= Todd Foster =

American boxer

Todd Foster (born August 27, 1967, in Great Falls, Montana) is a former American boxer in the Welterweight division.

==Amateur career==
Foster was an amateur boxing standout. In the Light welterweight division, he was the 1987 National Golden Gloves champion, silver medalist at the 1987 Pan American Games, and 1988 United States Amateur champion, which earned a seed in the Olympic trials.

==Olympic results==
Foster was a member of the 1988 US Olympic Team, boxing as a Light Welterweight.
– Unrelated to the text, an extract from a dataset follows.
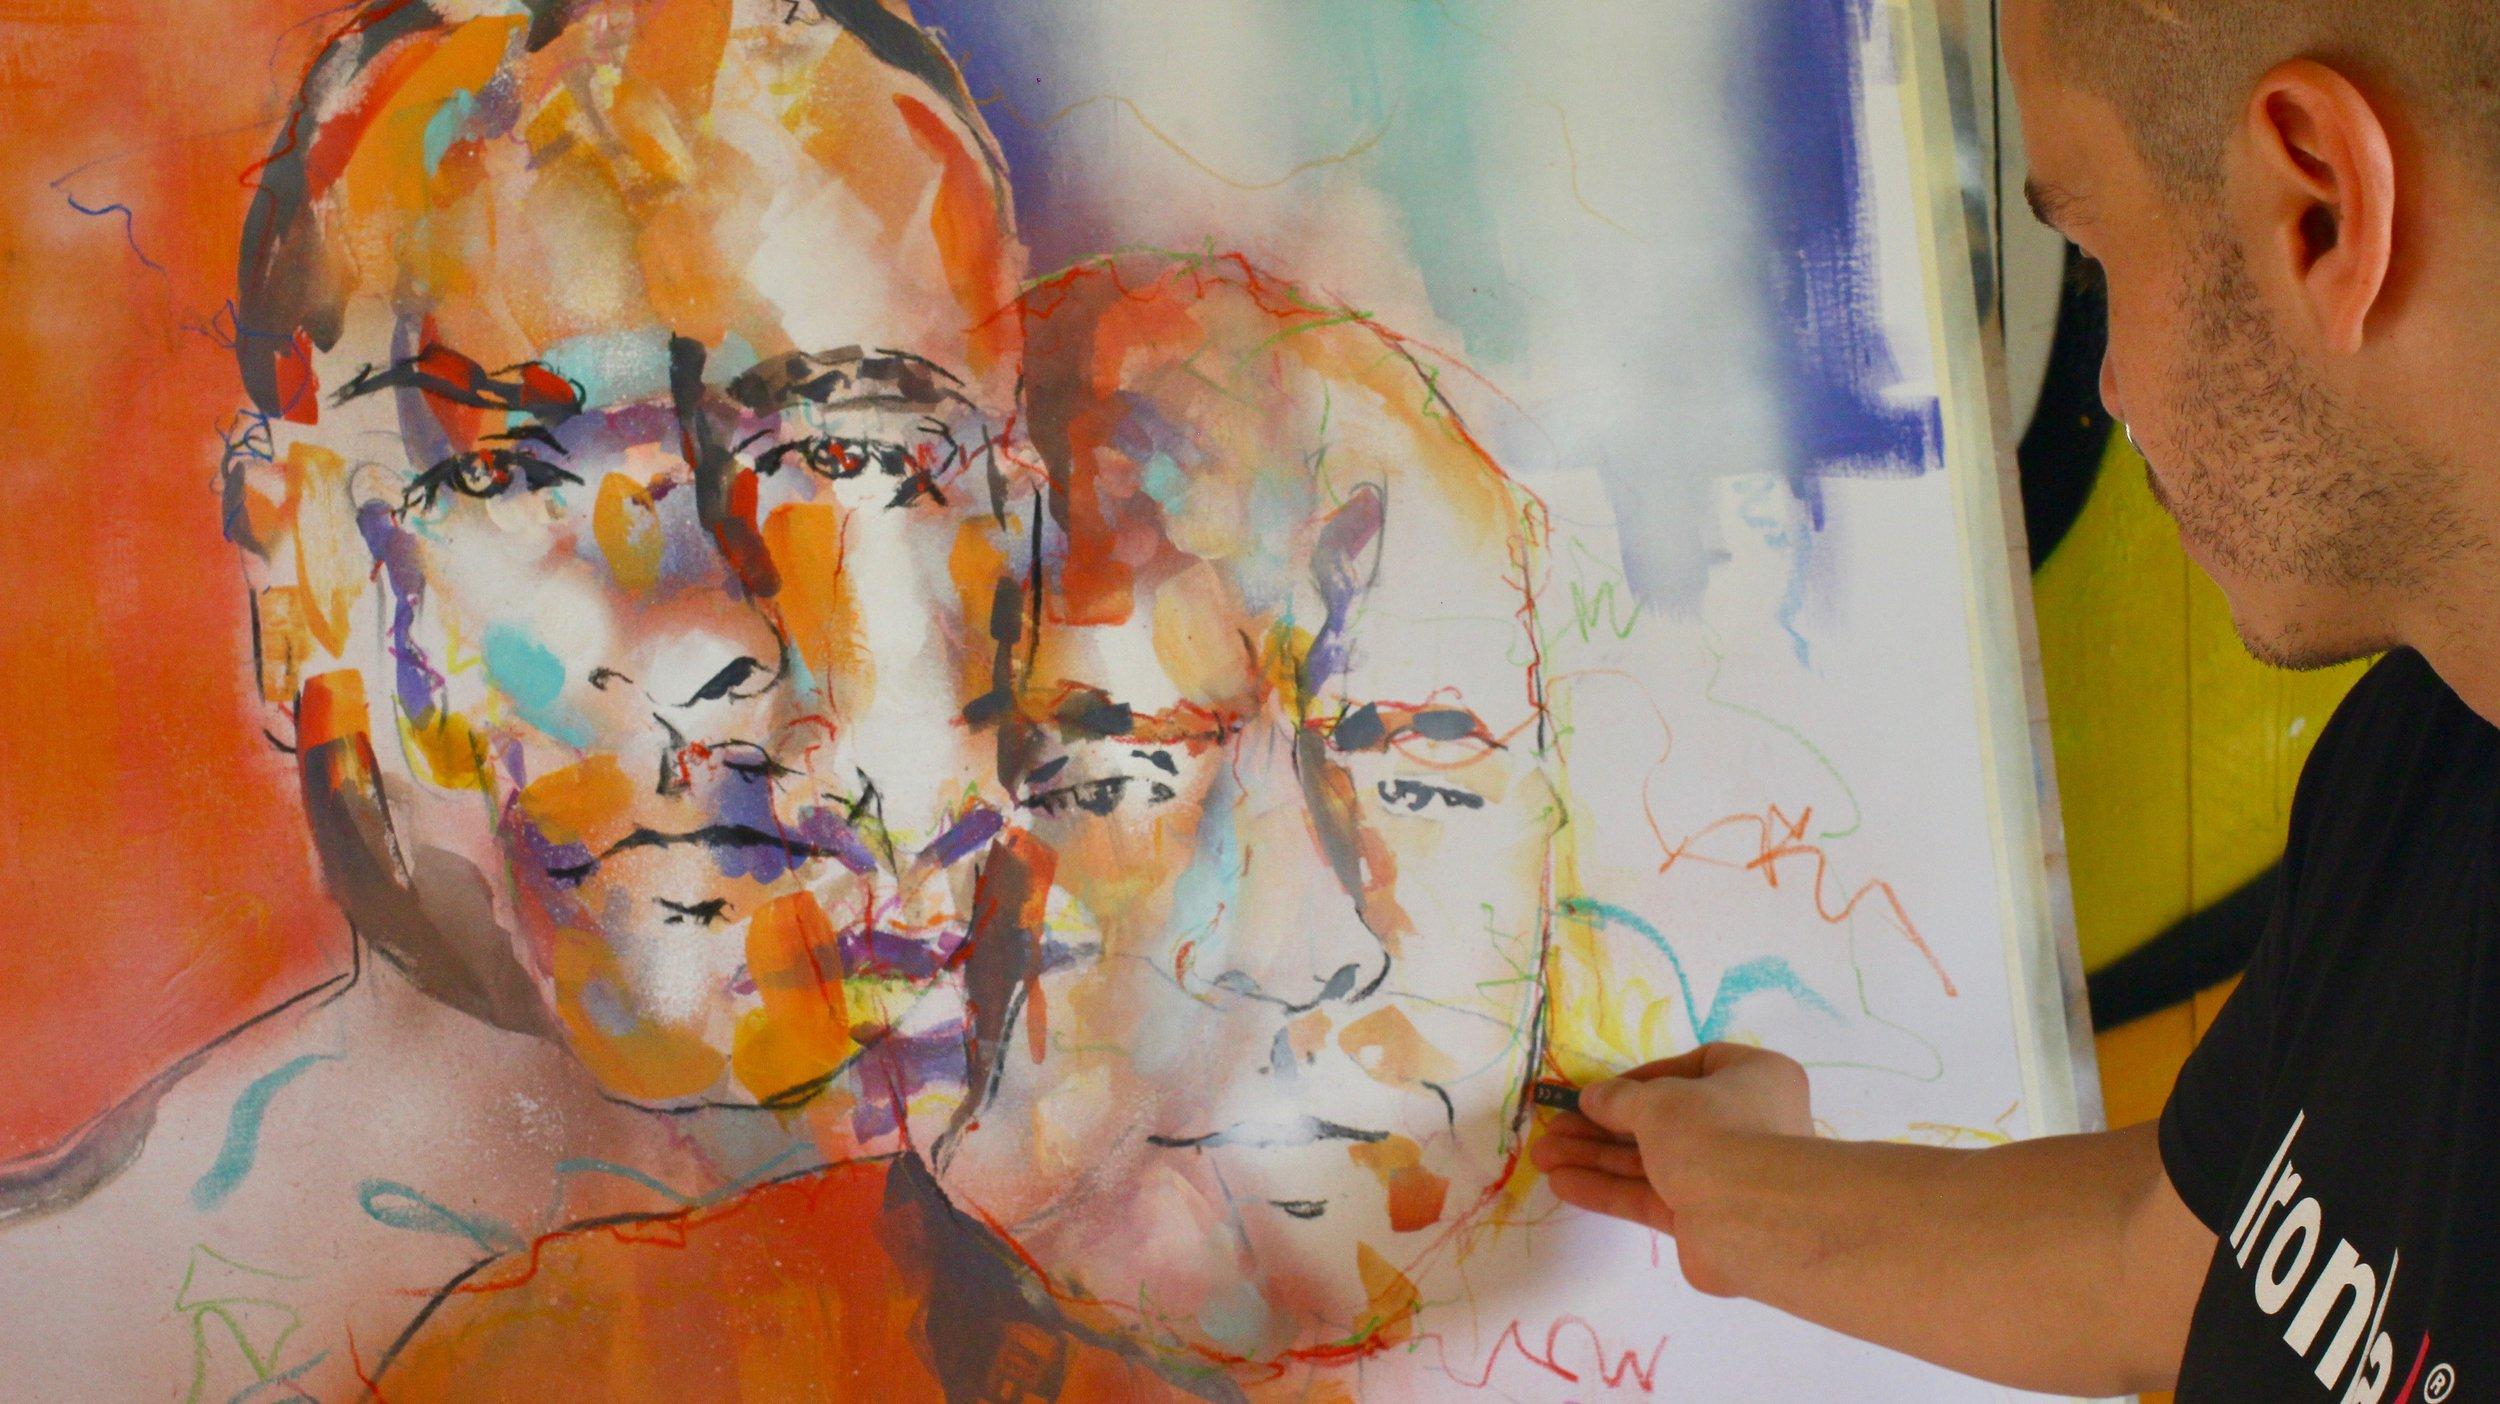 DEAN NENADICH ironlak the culprit club graffiti art brisbane gold coast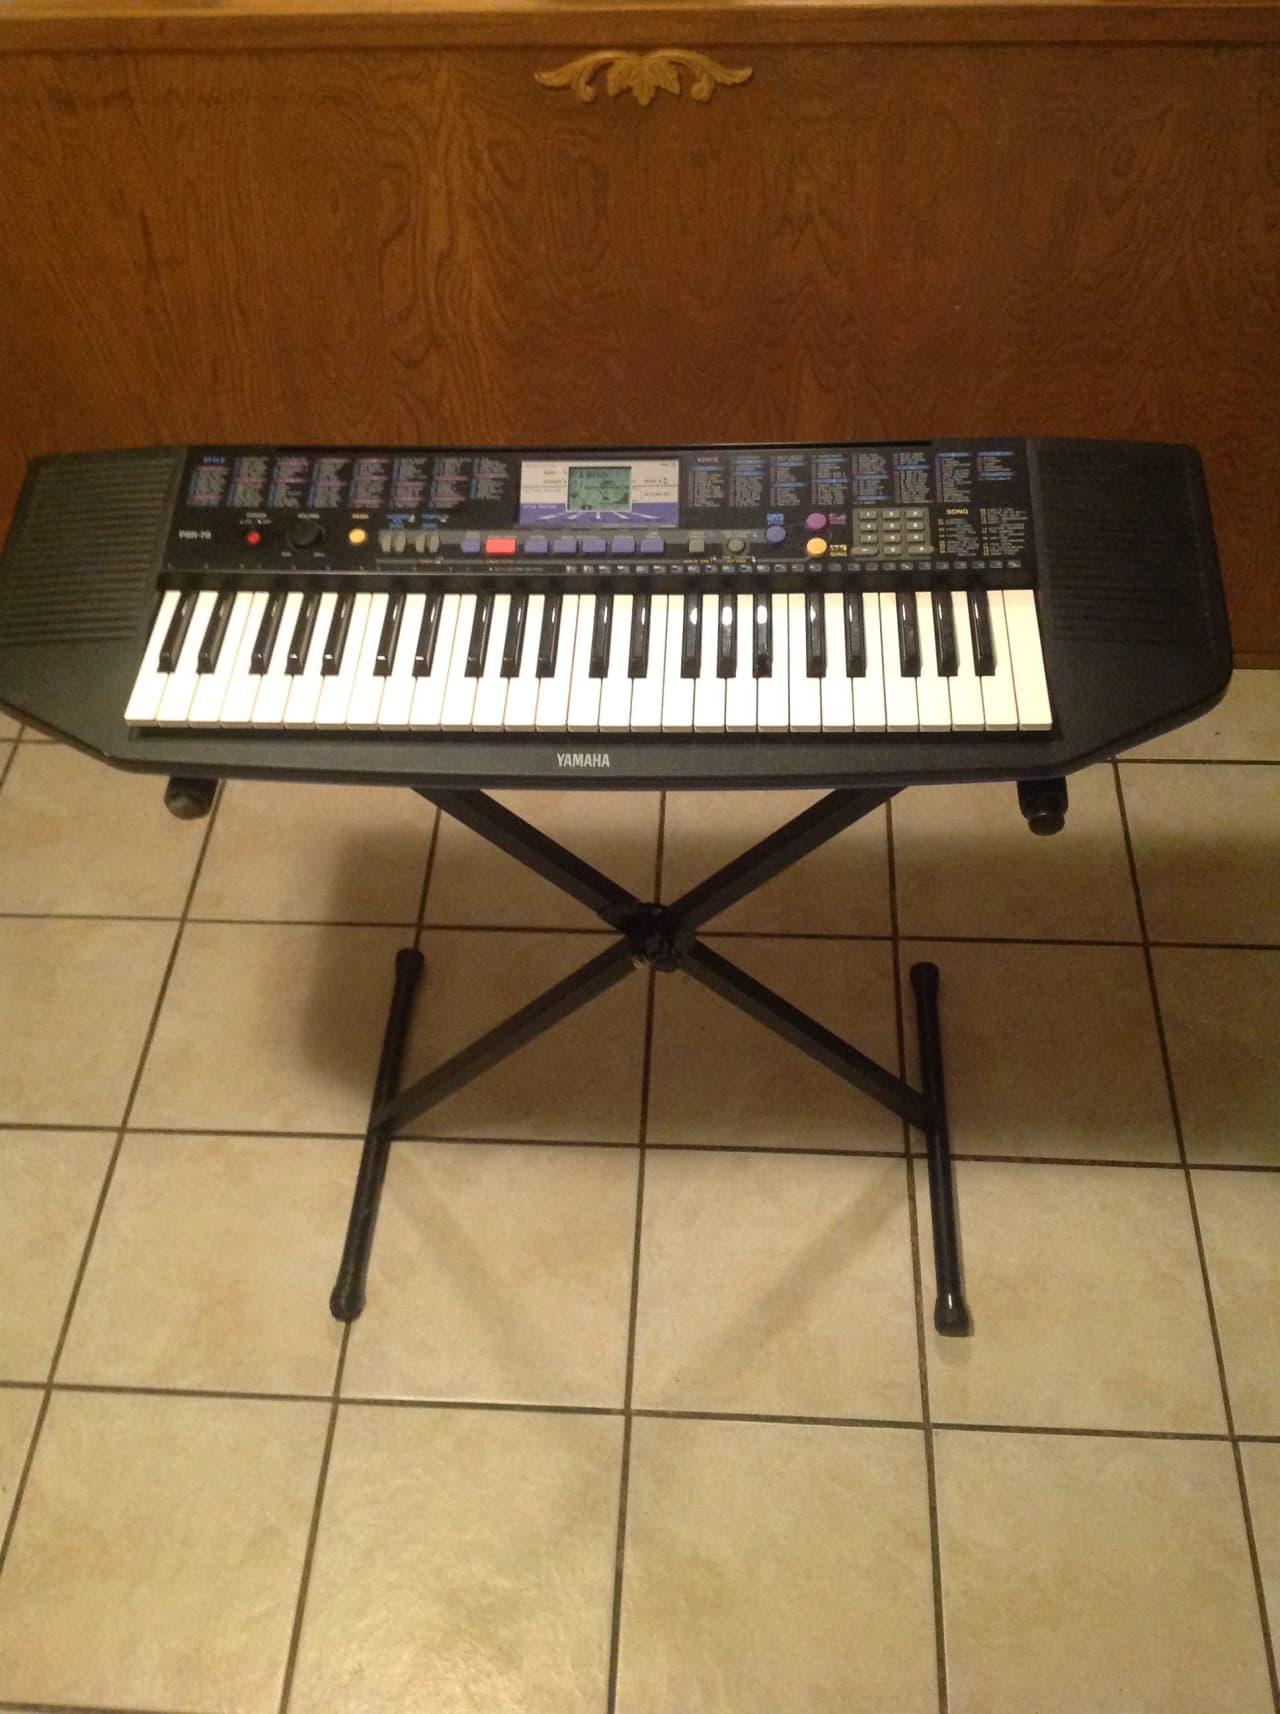 Yamaha psr 78 keyboard w stand black blue reverb for Yamaha psr stand

His results were:
- 1st round bye
- Defeated Khalid Rahilou (Morocco) KO 2
- Defeated Chun Jil-Chun (South Korea) KO 2 Note: Chun was confused by the multi-ring setup with a bell to end rounds in a different ring and a gong in his own, and stopped fighting in the middle of a round after hearing a bell and was hit by Foster. Chun's coaches could be seen ringside directing Chun to fall, thinking they could win by foul. Chun was counted out, as there was no foul. The South Korean (host country) team protested and later in the day the boxers returned to the ring to fight again. Foster won by KO.
- Lost to Grahame Cheney (Australia) 2-g

==Professional career==
"Kid" Foster turned pro in 1989 and won his first 22 fights, setting up a bout with former champ Jimmy Paul in 1992. Paul won by an upset KO in the 7th round. In 1995 he challenged Hector Camacho for the IBC Welterweight Title, but lost via TKO in the 5th round. Foster later retired in 2001.